John Ohnjec, division director, Robert Half Legal, a leading recruitment agency, says the hiring boom in corporate legal departments south of the border mirrors the situation in Canada. However, he notes in-house departments are increasingly experimenting with alternative staffing arrangements, project-specific lawyers, part-time, and contract lawyers. A number of firms across Canada, including Robert Half Legal, LexLocom, Cognition LLP, and Delegatus Legal Services Inc. now specialize in placing in-house counsel on an as-needed basis.

Insourcing isn’t the only practice in-house departments have embraced to save money. Scott Ewart, a legal consultant at Helix Legal, says that in-house departments are increasingly outsourcing basic legal work, such as document review, to lower cost legal service providers. “In the U.S. and U.K. much more low-level work is being outsourced, but the trend is catching on here, too. The overall mix for the provision of legal work is changing. Companies are bringing some work inside to reduce costs and sending commoditized work to low-cost providers.” 
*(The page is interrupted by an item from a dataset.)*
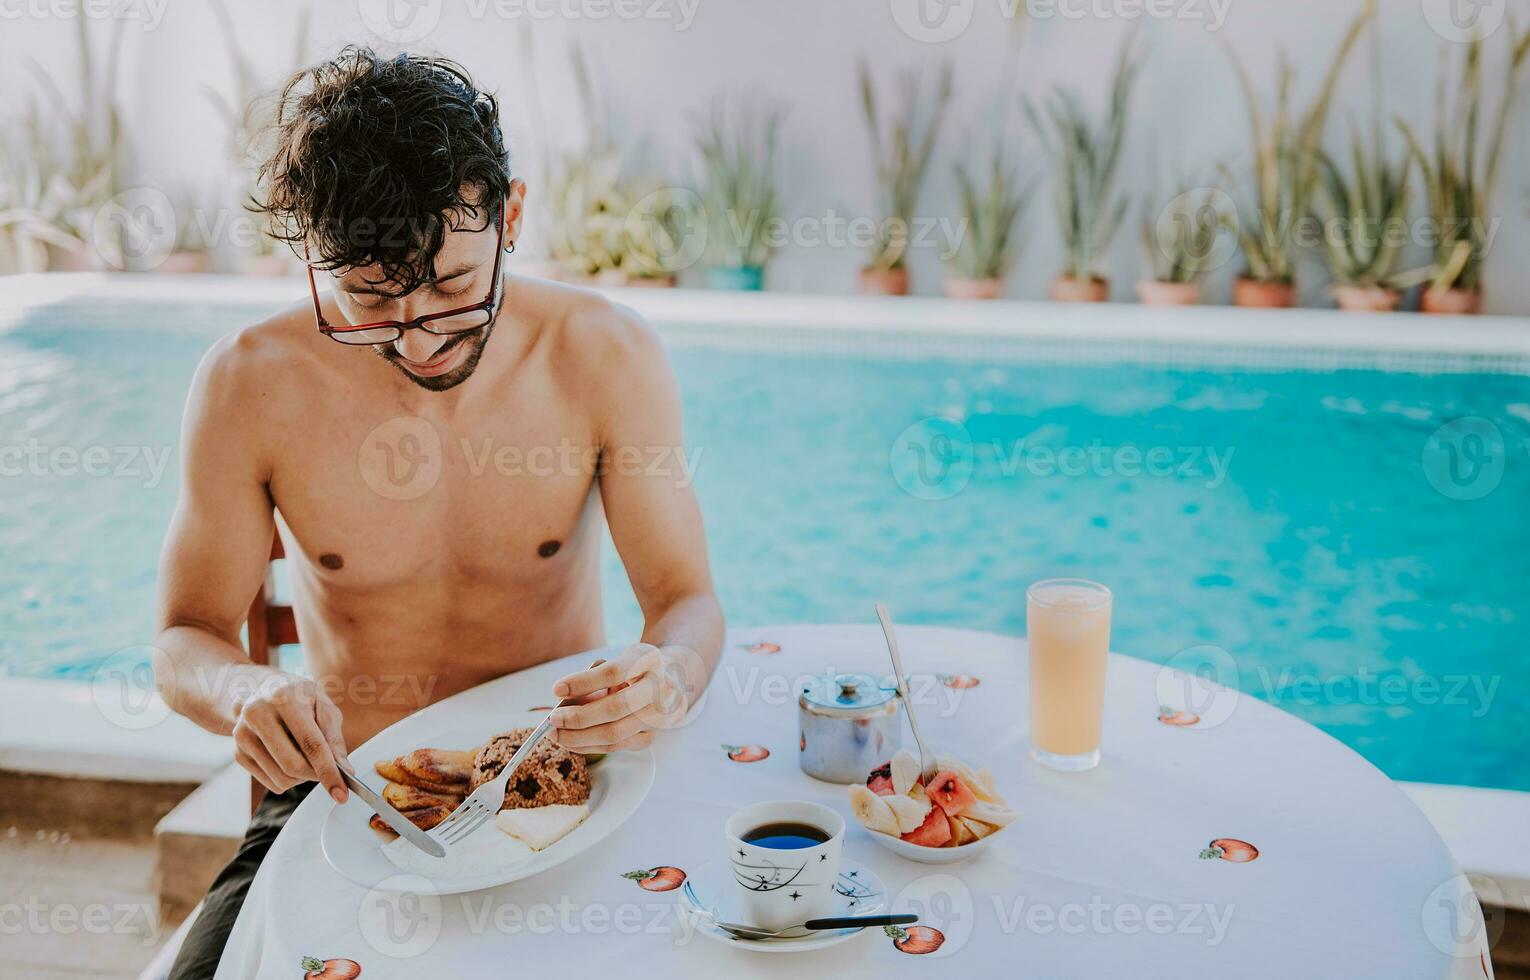 jong Mens Aan vakantie in hotel hebben ontbijt in de buurt zwemmen zwembad. ontbijt in de buurt de zwemmen zwembad. persoon hebben ontbijt in de hotel met zwembad in de achtergrond foto

Insourcing may make sense and save dollars, but not all companies are eager to add in-house lawyers to their payroll. Richard Stock, the founding partner at Catalyst Consulting, which advises law firms and legal departments, says that companies are still reluctant to hire more in-house lawyers. “Companies are not willing to spend money to save money,” he says. He notes it only takes bringing inside 600 to 700 hours of legal work to hit the break-even point for adding a lawyer in-house. 

Stock says the growth of in-house departments is not primarily driven by financial considerations. Rather, companies have begun to “recognize the strategic value in-house counsel can bring to [the] company.”

Published in May 2011, a recent study by Deloitte on the expanding role of corporate counsel in Canada globally supports Stock’s viewpoint. According to the study, corporate counsel’s level of responsibility in Canada has almost doubled over time. Five years ago, only a third (33 per cent) of respondents were involved in strategic development compared to almost two-thirds (62 per cent) today. Similar trends were seen in the Canadian respondents’ responsibility for ethics and whistleblowing, which rose to 63 per cent from 37 per cent five years ago. As the role of general counsel rises in prominence, the role of external law firms declines. Today, when Canadian companies experience serious regulatory or legal issues, they almost always (97 per cent) consult corporate counsel first, compared to their global counterparts at 81 per cent. Only 72 per cent of corporate counsel believe they were the first point of contact five years ago.

Despite the trend of insourcing more work, Stock says the pattern of work that is referred outside has not changed significantly. “More than half of all work sent to external counsel is in litigation. The remainder is mostly comprised of big deals and mergers and acquisitions which involve a large number of lawyers for a short period of time and specialty work, which requires expertise in narrow domains.”

While in-house counsel may be doing more work internally, external counsel aren’t out of a job — yet.

Correction: The story incorrectly stated that HBC has more than 70,000 employees. In fact, HBC has approximately 50,000 employees.